Court Opinion

ID: 8902428
Source: CourtListenerOpinion
Date Created: 2022-11-27 01:19:12.071719+00
Date Added: 2024-06-11T17:07:57.047332
License: Public Domain

HEDRICK, Judge.
Defendant first contends that the court erred in denying his motion to strike the testimony of Rudolph Thompson, that “Talbert let me out at the bridge and Talbert stated he was going to pick up Jerry Fewell.” Defendant argues that the statement should have been excluded as hearsay and that its admission was prejudicial.
The issue presented by this assignment of error, whether the declarations of a person indicating an intention to do a particular act in the immediate future should be admissible as evidence that the act was in fact performed, has concerned the courts and commentators for many years. See, e.g., Mutual Life Insurance Co. v. Hillmon, 145 U.S. 285, 12 S.Ct. 909, 36 L.Ed. 706 (1892); Hunter v. State, 40 N.J. Law 495 (1878); Wigmore on Evidence § 1725 (Chadbourn rev. 1976); McCormick on Evidence § 295 (2d ed. 1972); 1 Stansbury’s N.C. Evidence § 162 (Brandis rev. 1973).
Our Supreme Court in State v. Vestal, 278 N.C. 561, 180 S.E. 2d 755 (1971), dealt with this issue at length. In Vestal, a murder victim’s wife was allowed to testify over defendant’s objection that her husband had told her that he was leaving their home on a Sunday évening to take a business trip with the defendant. Justice Lake, writing for the majority, held the testimony admissible as an exception to the hearsay rule, stating:
The twofold basis for exceptions to the rule excluding hearsay evidence is necessity and a reasonable probability of truthfulness. As Professor Morgan has said in 31 Yale Law Journal 229, 231, “If it is to be admitted, it must be because there are some good reasons for not requiring the appearance of the utterer and some circumstance of the utterance which performs the functions of the oath and the cross-examination.”

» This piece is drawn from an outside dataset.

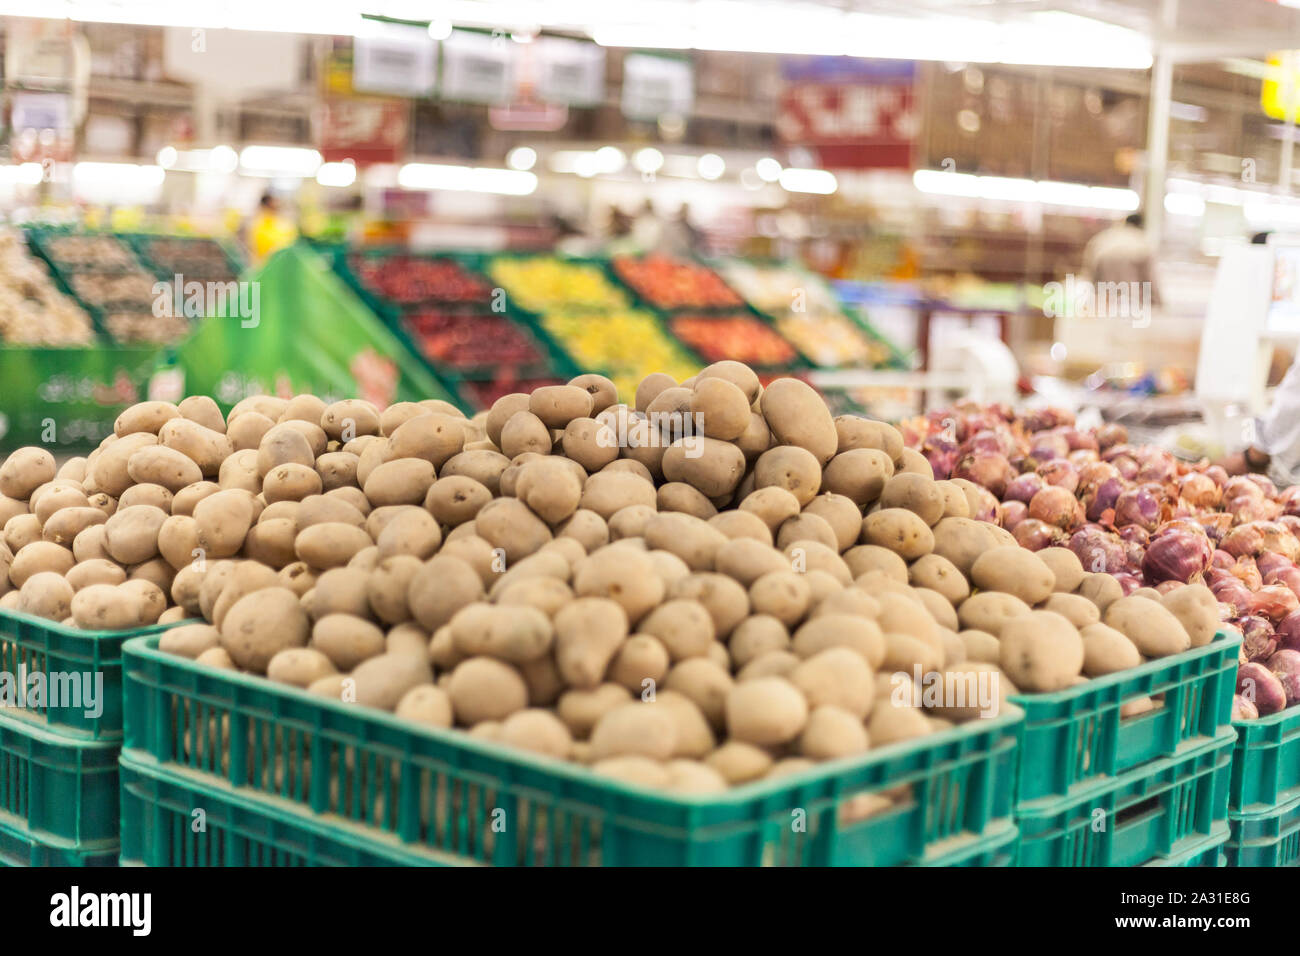 Fruits and Vegetables in hyper market Stock Photo

*595Id. at 582, 180 S.E. 2d at 769.
In the present case, the subsequent death of Talbert establishes the first basis of an exception to the hearsay rule — his unavailability to testify. The circumstances under which Talbert made the statements supply the second basis for a hearsay exception — the reasonable probability of truthfulness. We hold the challenged testimony falls within the exception to the hearsay rule described in State v. Vestal, supra. However, see Chief Justice Bobbitt’s concurring opinion in State v. Vestal, supra, at page 779, and the cases cited therein. Even if the statement were erroneously admitted no prejudice was done to the defendant since there was other evidence placing the defendant and Talbert together in the automobile just ten minutes before the shooting.
Next defendant argues the trial judge erred in allowing Doretta Fewell to testify as to statements made to her by her husband, Henry Fewell (the defendant’s brother). Doretta Fewell tetified:
Henry told me that his brother just killed a punk and told me to be quiet. I asked him, “for what”, and he said “for what — he beat him out of some money” and he said he wouldn’t have killed him —
Go ahead.
He said he wouldn’t have killed him if he hadn’t told him to and I asked him what happened and he told me that he had beaten him out of some money and he came in the house and asked me what should he do about it — that was Henry Jerry was talking to — and Henry said that he told Jerry that he would kill the son of a bitch, so Jerry went outside and started shooting him and the car was still running.
The record discloses that all of the statements challenged by this exception were made by the defendant’s brother in the presence and hearing of the defendant. The general rule concerning implied admissions is as follows:
Implied admissions are received with great caution. However, if the statement is made in a person’s presence by *596a person having firsthand knowledge under such circumstances that a denial would be naturally expected if the statement were untrue and it is shown that he [the defendant] was in a position to hear and understand what was said and had the opportunity to speak, then his silence or failure to deny renders the statement admissible against him as an implied admission. (Citations omitted.)
State v. Hardy, 293 N.C. 105, 118-19, 235 S.E. 2d 828, 836 (1977).
Clearly, the statements objected to were of such a nature, and were made under such circumstances that a denial would have been naturally expected or forthcoming from the defendant had the statements been untrue. The trial judge properly admitted the testimony as an implied admission of the defendant.
All of the remaining assignments of error brought forward and argued in defendant’s brief are without merit.
Defendant had a fair trial free from prejudicial error.
No error.
Judges PARKER and MARTIN (Robert M.) concur.